From Swexit to Frexit: How Europe’s far-right parties have ditched plans to leave EU

Far-right parties, set to make soaring gains in the European Parliament elections in June, have one by one abandoned plans to get their countries to leave the European Union.

From Swexit to Frexit: How Europe's far-right parties have ditched plans to leave EU

Whereas plans to leave the bloc took centre stage at the last European polls in 2019, far-right parties have shifted their focus to issues such as immigration as they seek mainstream votes.

“Quickly a lot of far-right parties abandoned their firing positions and their radical discourse aimed at leaving the European Union, even if these parties remain eurosceptic,” Thierry Chopin, a visiting professor at the College of Europe in Bruges told AFP.

Britain, which formally left the EU in early 2020 following the 2016 Brexit referendum, remains the only country to have left so far.

Here is a snapshot:

No Nexit 

The Dutch Freedom Party (PVV) led by Geert Wilders won a stunning victory in Dutch national elections last November and polls indicate it will likely top the European vote in the Netherlands.

While the manifesto for the November election stated clearly: “the PVV wants a binding referendum on Nexit” – the Netherlands leaving the EU – such a pledge is absent from the European manifesto.

For more coverage of the 2024 European Elections click here.

The European manifesto is still fiercely eurosceptic, stressing: “No European superstate for us… we will work hard to change the Union from within.”

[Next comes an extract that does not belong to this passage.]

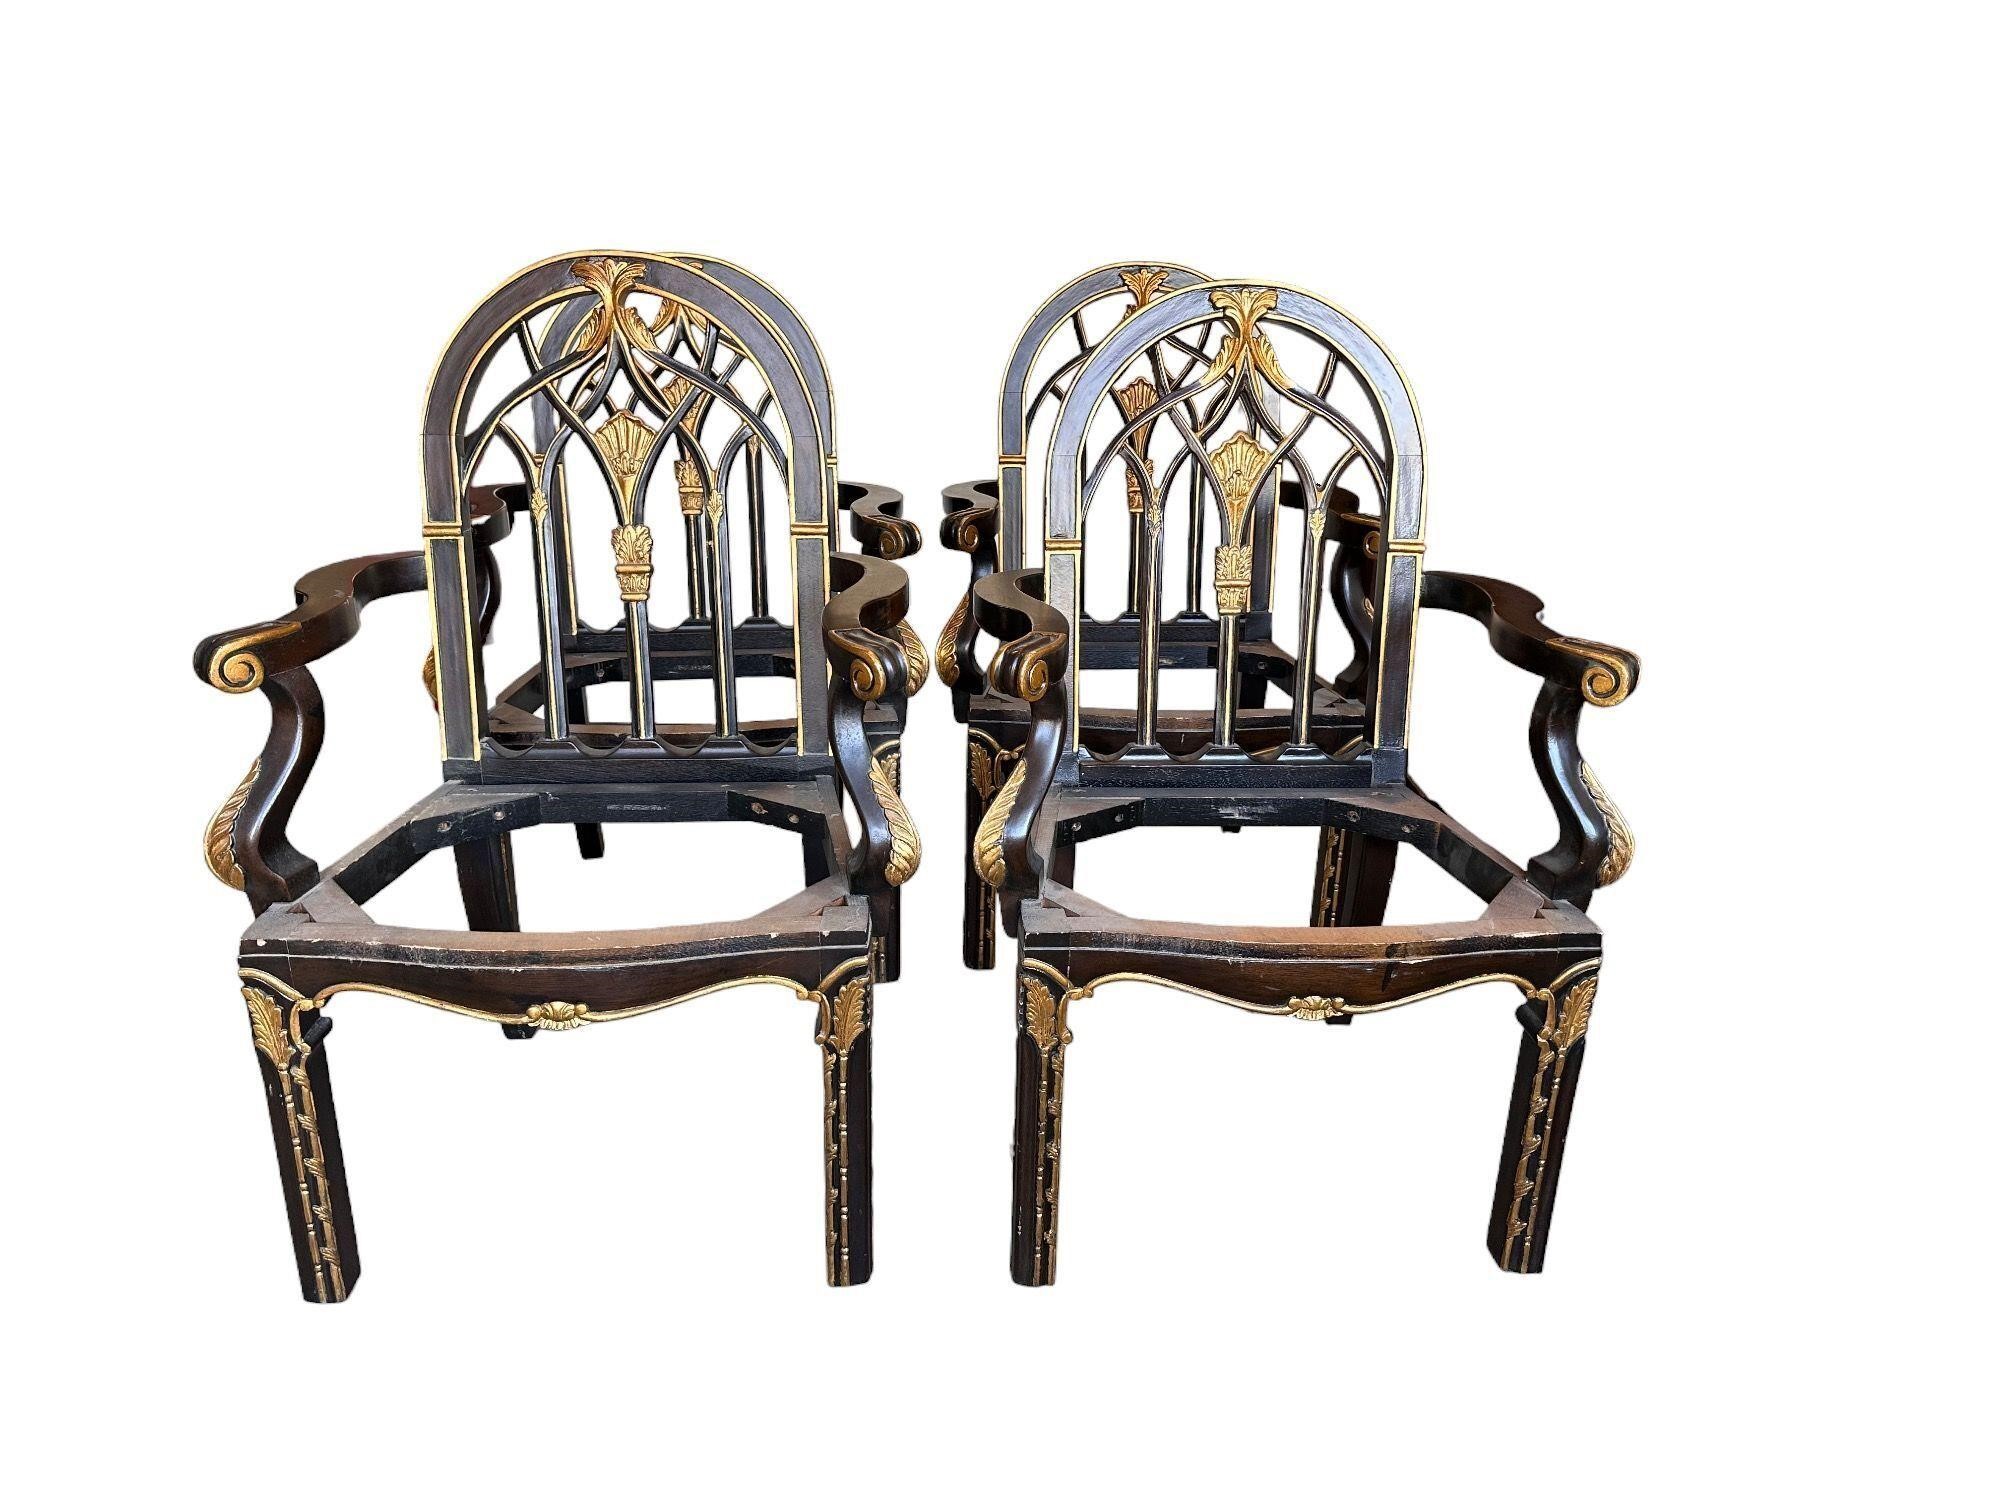 Ornate French Dinning Room Chairs

The PVV, which failed to win a single seat in 2019 European Parliament elections, called for an end to the “expansion of unelected eurocrats in Brussels” and took aim at a “veritable tsunami” of EU environmental regulations.

No Frexit either

Leaders of France’s National Rally (RN) which is also leading the polls in a challenge to President Emmanuel Macron, have also explicitly dismissed talk they could ape Britain’s departure when unveiling the party manifesto in March.

“Our Macronist opponents accuse us… of being in favour of a Frexit, of wanting to take power so as to leave the EU,” party leader Jordan Bardella said.

But citing EU nations where the RN’s ideological stablemates are scoring political wins or in power, he added: “You don’t leave the table when you’re about to win the game.”

READ ALSO: What’s at stake in the 2024 European parliament elections?

Bardella, 28, who took over the party leadership from Marine Le Pen in 2021, is one of France’s most popular politicians.

The June poll is seen as a key milestone ahead of France’s next presidential election in 2027, when Le Pen, who lead’s RN’s MPs, is expected to mount a fourth bid for the top job.

Dexit, maybe later

The co-leader of the far-right Alternative for Germany (AfD) party, Alice Weidel, said in January 2024 that the United Kingdom’s Brexit referendum was an example to follow for the EU’s most populous country.

Weidel said the party, currently Germany’s second most popular, wanted to reform EU institutions to curb the power of the European Commission and address what she saw as a democratic deficit.

But if the changes sought by the AfD could not be realised, “we could have a referendum on ‘Dexit’ – a German exit from the EU”, she said.

The AfD which has recently seen a significant drop in support as it contends with various controversies, had previously downgraded a “Dexit” scenario to a “last resort”.

READ ALSO: ‘Wake-up call’: Far-right parties set to make huge gains in 2024 EU elections

Fixit, Swexit, Polexit…

Elsewhere the eurosceptic Finns Party, which appeals overwhelmingly to male voters, sees “Fixit” as a long-term goal.

The Sweden Democrats (SD) leader Jimmie Åkesson and leading MEP Charlie Weimers said in February in a press op ed that “Sweden is prepared to leave as a last resort”.

Once in favour of a “Swexit”, the party, which props up the government of Prime Minister Ulf Kristersson, in 2019 abandoned the idea of leaving the EU due to a lack of public support.

In November 2023 thousands of far-right supporters in the Polish capital Warsaw called for a “Polexit”.